Скажем так: медный кран, на краю – капля. Она проецируется на огромный экран в другом углу зала. Присмотревшись, замечаешь, что в капле – кто-то живой. Приглядевшись, обнаруживаешь, что это – ты. Капля растет, и вместе с ней раздувается на экране твое отражение. И так до тех пор, пока капля – всегда неожиданно – отрывается от крана, чтобы со страшным грохотом упасть на подставленный барабан. Но не успел ты осознать размеры произошедшей катастрофы, как в кране созревает новая капля, начиненная твоим маленьким, как зародыш, отражением.
Притча о скоротечности нашей жизни? Басня о самомнении? Глаз Бога, в котором на краткий миг отражается наша жизнь от рождения до смерти? Любой из этих ответов был бы слишком прост. Или – что то же самое – слишком сложен.
Произведения Виолы не позволяют с собой обращаться как с метафорами.

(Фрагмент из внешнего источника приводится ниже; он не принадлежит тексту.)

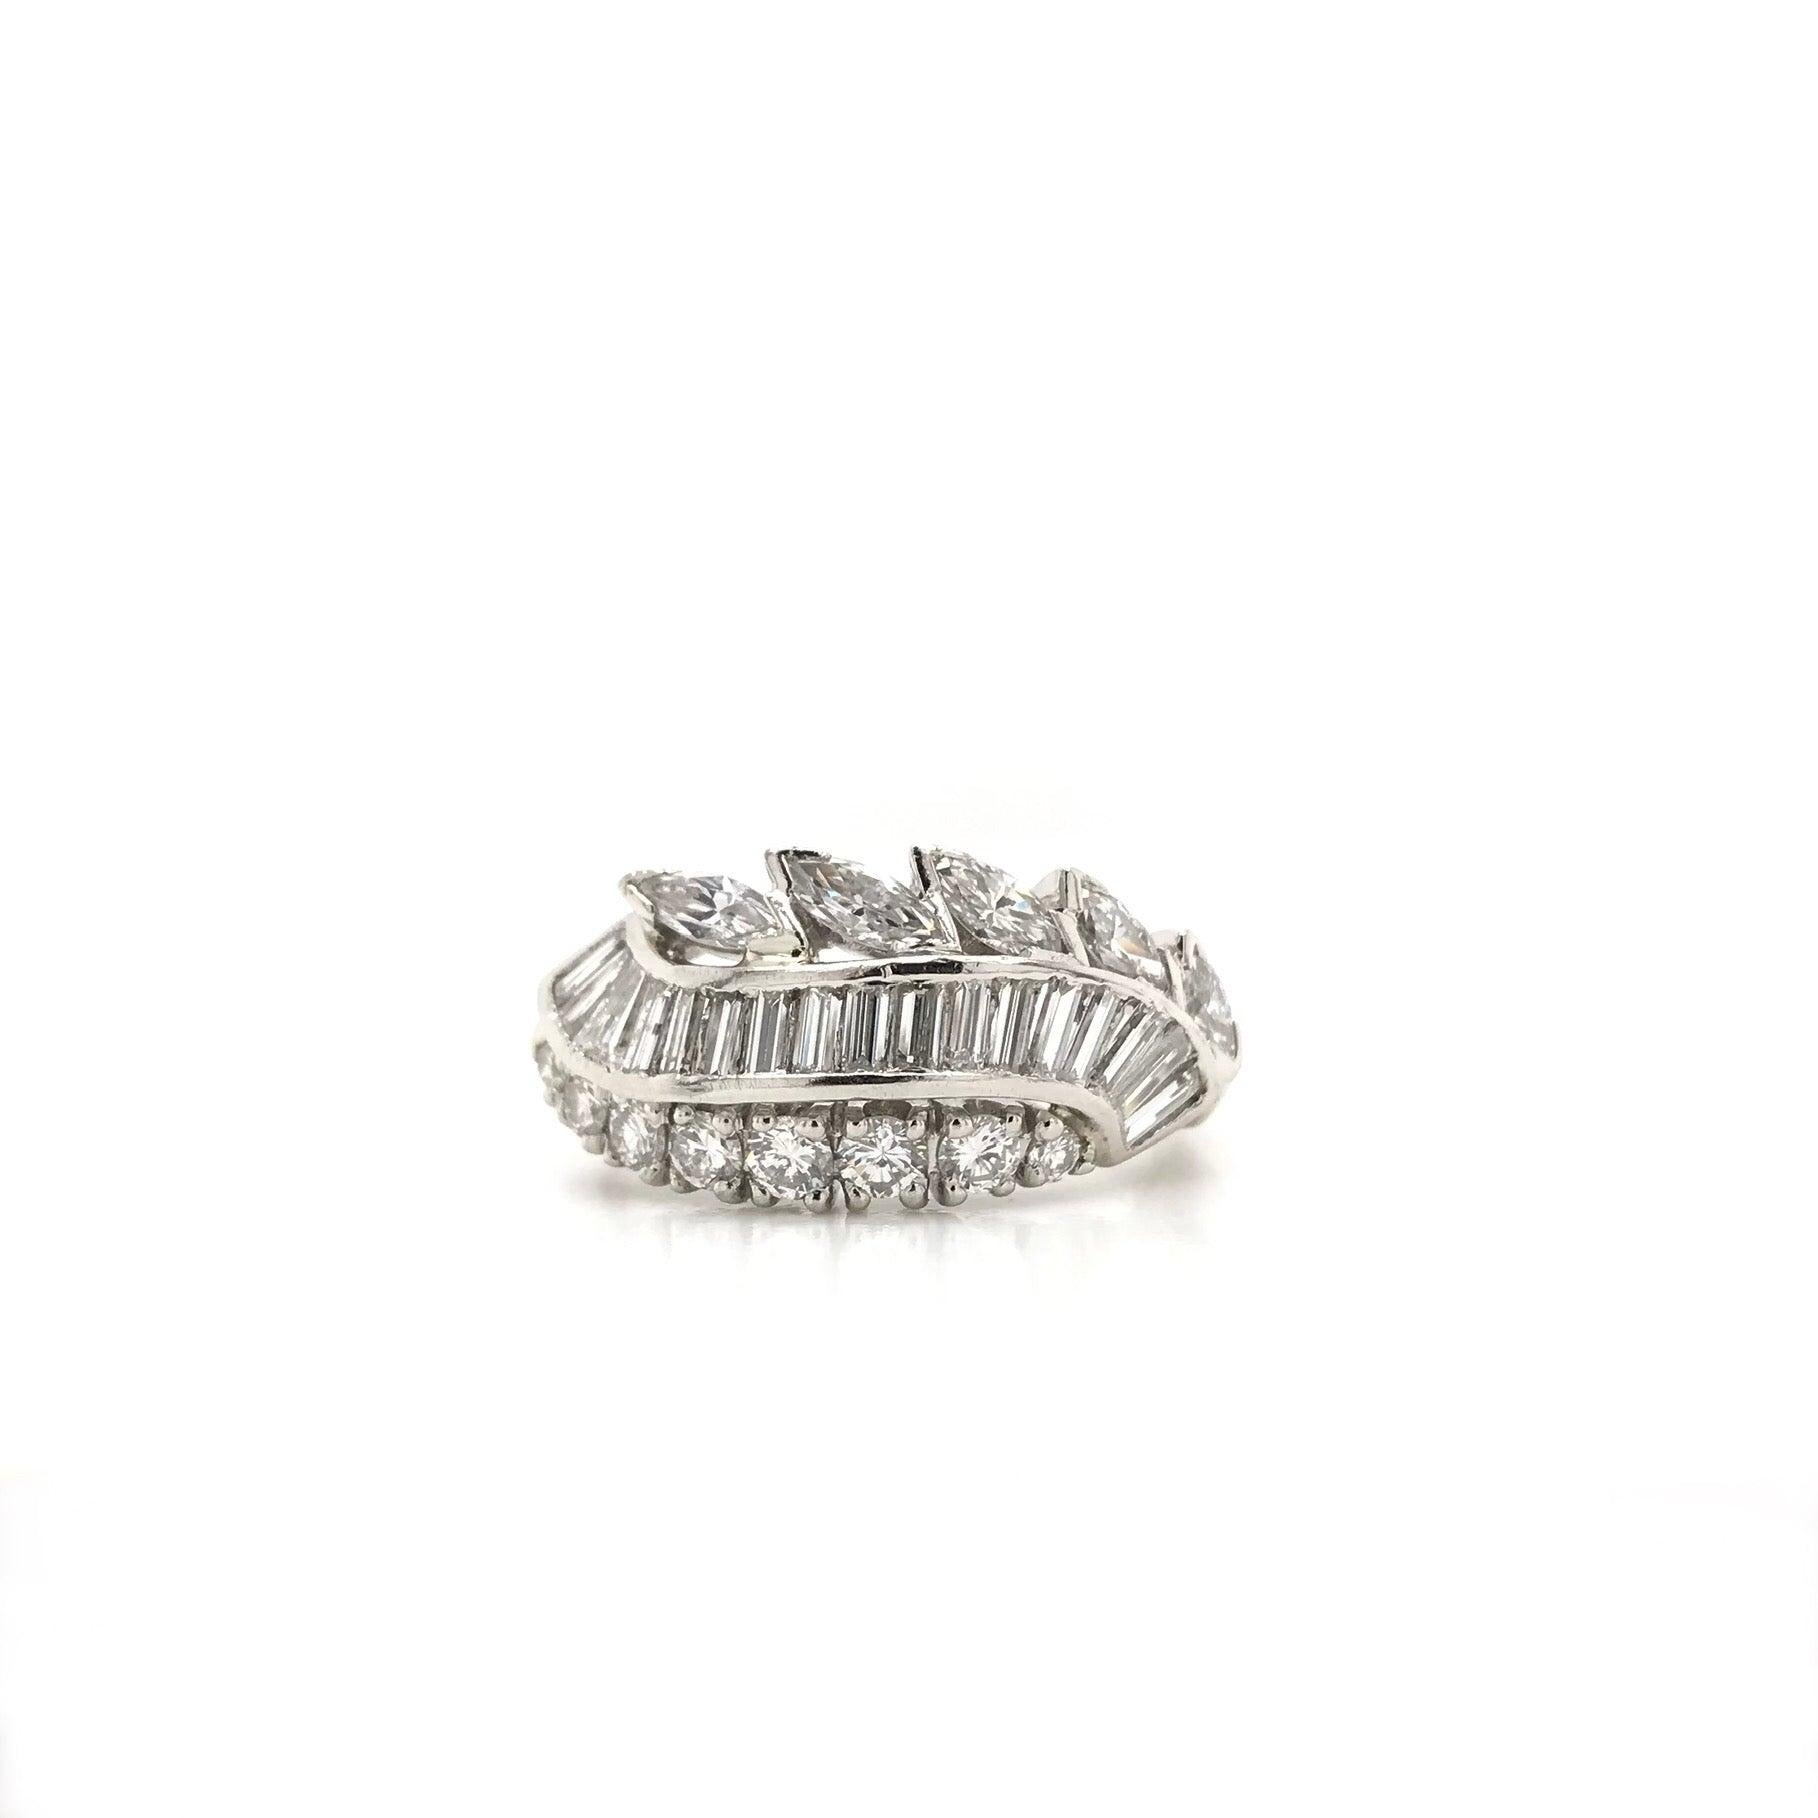 This vintage piece was crafted sometime during the Retro design period (1940-1960). This stunning vintage ring features 30 sparkling diamonds in three different cuts arranged for a very striking and alluring combination. The ring features 5 marquise

Виола не придумывает их, а ведет туда, куда он нас обещает «перевести»: по ту сторону от всего, что можно сказать словами, образами, символами.
Принципиальный радикализм Виолы в том, что он не создает, не меняет, не отражает, а углубляет реальность, открывая в ней дополнительное – медитативное – измерение. Завладев зрителем, художник распоряжается им по-своему: он ломает наши часы. Виолу нельзя смотреть ни быстро, ни медленно. Каждая работа требует уделить себе точно отмеренный отрезок времени. Так банальный акт восприятия произведения искусства превращается в ритуальную процессию, в церемониальный балет, в культовое действо.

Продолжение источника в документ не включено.